La face cachée des Jeux paralympiques


Benoît Rioux
Dans un monde en ayant cruellement besoin, les Jeux paralympiques, qui s’ouvrent officiellement vendredi à Pékin, symbolisent l’acceptation de la différence, l’inclusion et la communion entre pays. Sur le plan strictement sportif, l’événement conserve toutefois un côté plutôt méconnu et injuste.
• À lire aussi: Jeux paralympiques: le Canada ne veut rien savoir des Russes
• À lire aussi: Charles Hamelin rêve à sa dernière course devant «Vivi»
«Il y a des gens dans mon entourage qui me disent : «vas-y, ramène-nous une médaille». Mais honnêtement, ça va prendre un miracle, et même plusieurs miracles, pour que je puisse grimper sur le podium», estime la Québécoise Frédérique Turgeon, qui pratique le ski para-alpin.
N’allez pas croire que Turgeon, 22 ans, n’a pas tout fait pour se présenter à Pékin au sommet de sa forme. Or, le système en place lui laisse bien peu d’espoir. Skiant sur une seule jambe, la jeune athlète originaire de Candiac se retrouve en compétition avec des athlètes qui, en raison d’un handicap différent, ont leurs deux jambes. Il existe bel et bien un système de «factorisation», mais celui-ci n’est pas parfait. À titre d’exemple, à l’épreuve du slalom, le chrono de Turgeon sera rectifié et abaissé de 3 %, mais l’injustice demeure.
«Je suis au meilleur de ma forme en ce moment, mais je n’ai pas le choix d’aborder les Jeux avec un désir de m’amuser, dit celle qui en est à ses deuxièmes Jeux paralympiques, après ceux de Pyeongchang, en 2018. C’est sûr que j’aimerais ça un jour, avoir une médaille [paralympique], mais là, je dois simplement profiter de l’expérience et m’assurer de bien la vivre.»
Malgré l’injustice, Turgeon ne veut pas se plaindre outre mesure. Elle souhaite savourer ses Jeux. Cela dit, la Québécoise demeure consciente que la situation doit être dénoncée si on espère, un jour, voir certains changements.
«Il y a une grosse conversation à y avoir, ça prendrait une factorisation qui fait un peu plus de sens», affirme-t-elle.
Présentement, ils sont nombreux à deviner que la Suédoise Ebba Aarsjoe, à titre d’exemple, repartira de Pékin avec quelques médailles d’or au cou à l’issue des épreuves féminines de ski para-alpin.
Pire en hiver...
Le sujet est délicat.

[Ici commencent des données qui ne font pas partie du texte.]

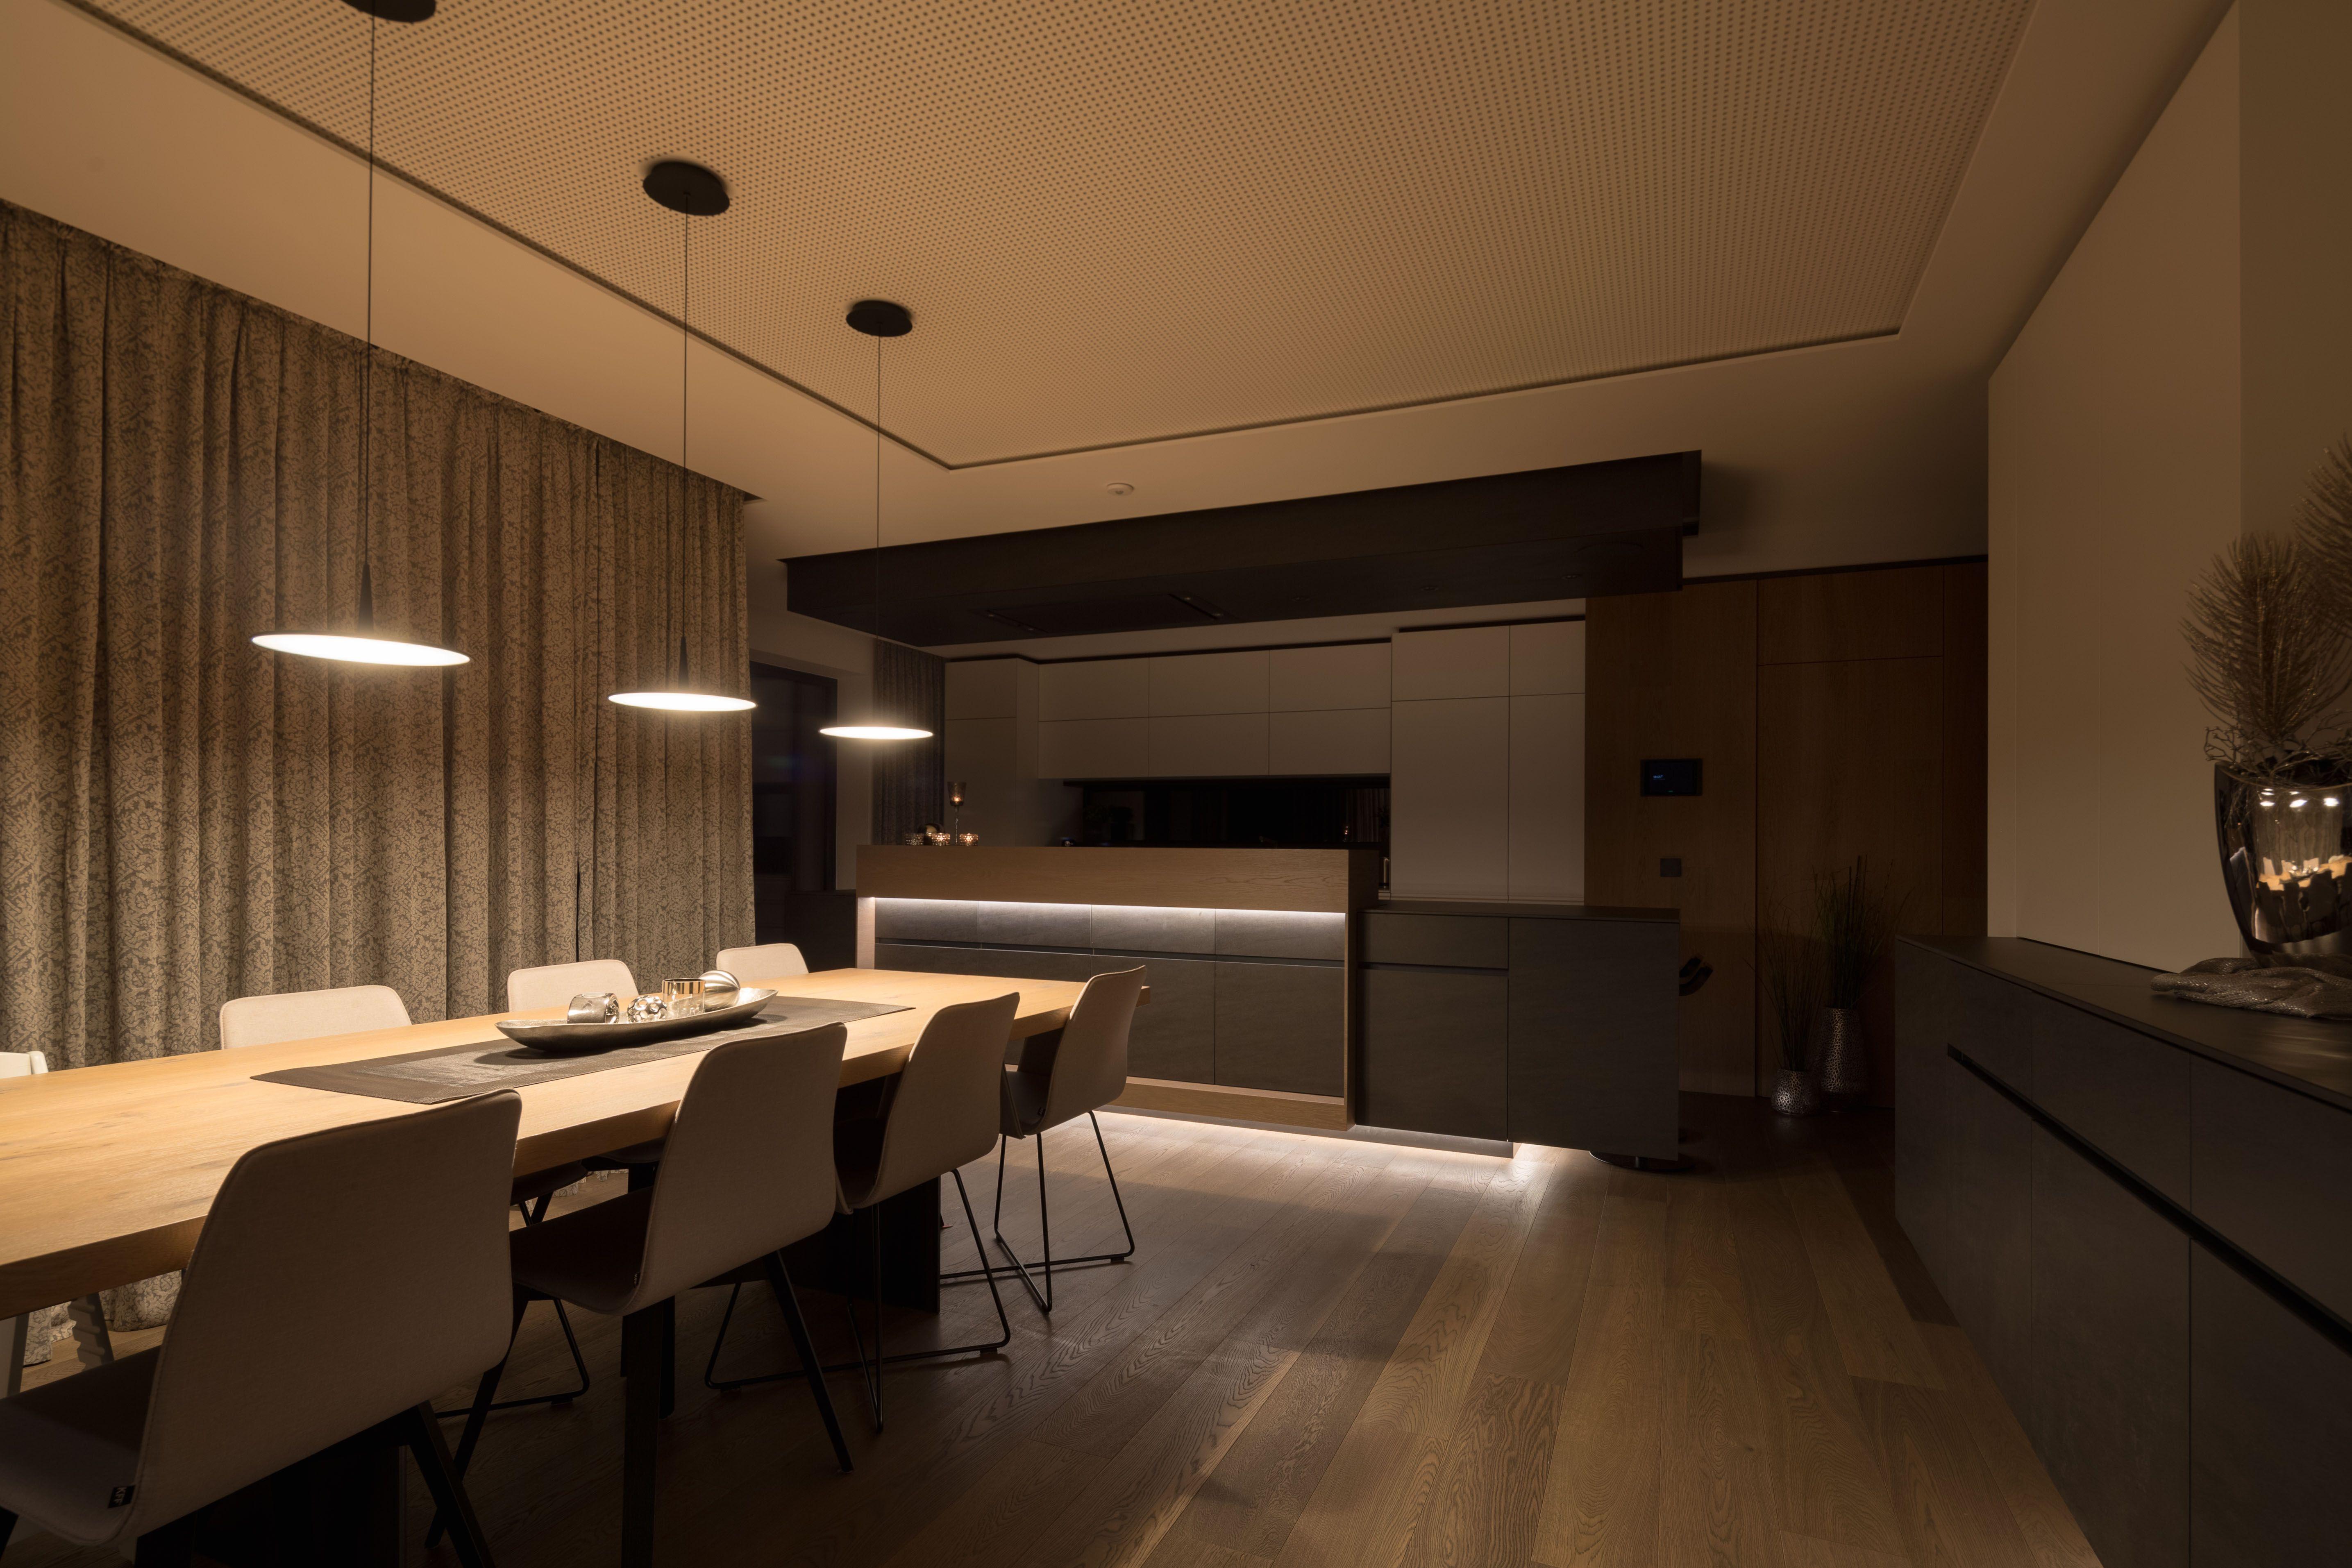 Lichtsteuerung Mit Loxone Atemberaubende Beleuchtung Beleuchtung Intelligentes Haus Lichtsteuerung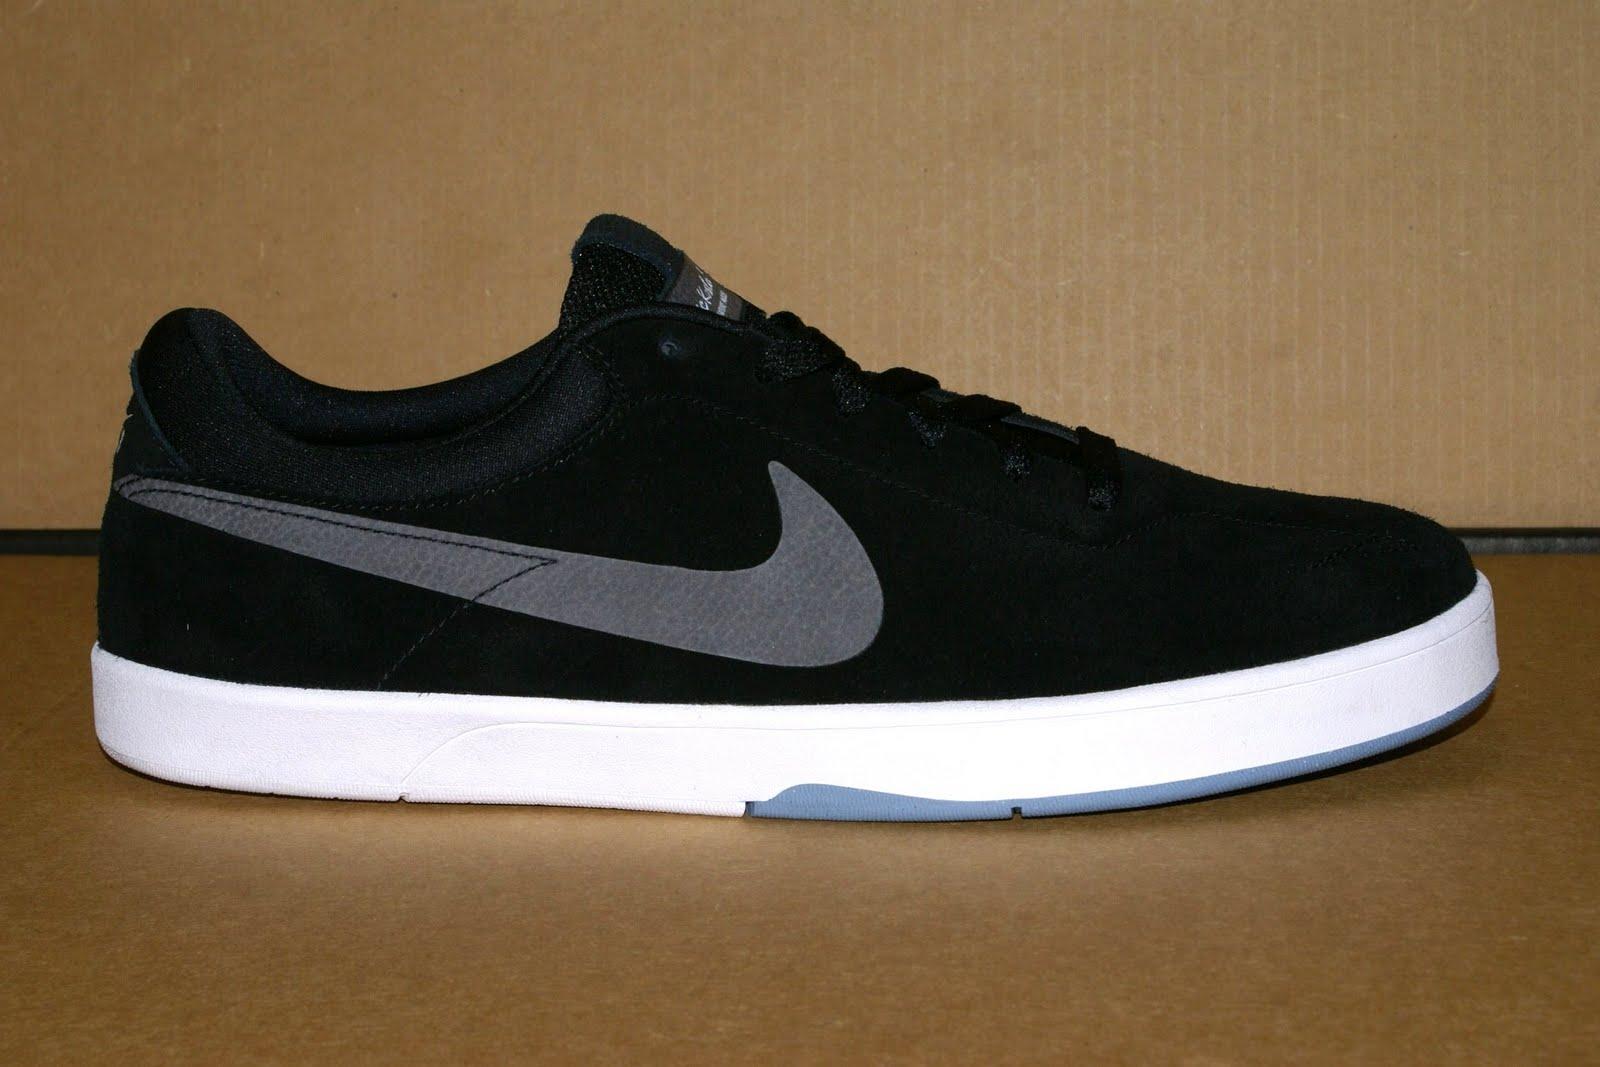 oferta muy bonito calidad primero Blindside of Layton: Nike SB Eric Koston Shoe (Black/Dark Grey ...

Ce ne sont d’ailleurs pas tous les athlètes actifs qui osent en parler. Maintenant à la retraite, le paranageur Benoit Huot se permet d’être plus bavard.
«La situation est encore pire pour les Jeux d’hiver : il y a moins de catégories car il y a moins d’athlètes, explique sommairement celui qui agira à titre d’analyste pour Radio-Canada durant les Jeux paralympiques de Pékin. Je comprends très bien la frustration de certains athlètes.»
Autre frustration au Canada: un traitement inéquitable comparativement aux athlètes olympiques. Aucune prime à la performance n’est effectivement prévue pour les médaillés paralympiques. Encore la semaine dernière, la situation a été abordée à la Chambre des communes par l’ancienne athlète en fauteuil roulant et maintenant sénatrice, l’honorable Chantal Petitclerc. Il va sans dire que l’octroi éventuel de bourses devrait toutefois aller de pair avec l’amélioration des compétitions.
Six disciplines
Heureusement, la notion d’injustice n’est pas aussi cruelle dans toutes les disciplines. Après le grand spectacle que furent les récents Jeux olympiques, les Paralympiques, qui se poursuivront jusqu’au 13 mars, comptent un total de six sports différents. En plus du ski alpin, le parahockey, le biathlon, le ski de fond, le surf des neiges et le curling en fauteuil roulant sont au programme.
Le Canada y sera représenté par 45 athlètes, dont sept Québécois. Dominic Larocque, Antoine Lehoux et Anton Jacob-Webbs font partie de l’équipe de hockey sur luge. Lyne-Marie Bilodeau (ski de fond), Alexis Guimond (ski alpin), Sandrine Hamel (surf des neiges) et Turgeon (ski alpin) s’ajoutent à la délégation. Pour tout ce beau monde, surtout dans le contexte actuel, les Jeux paralympiques vont bien au-delà des médailles.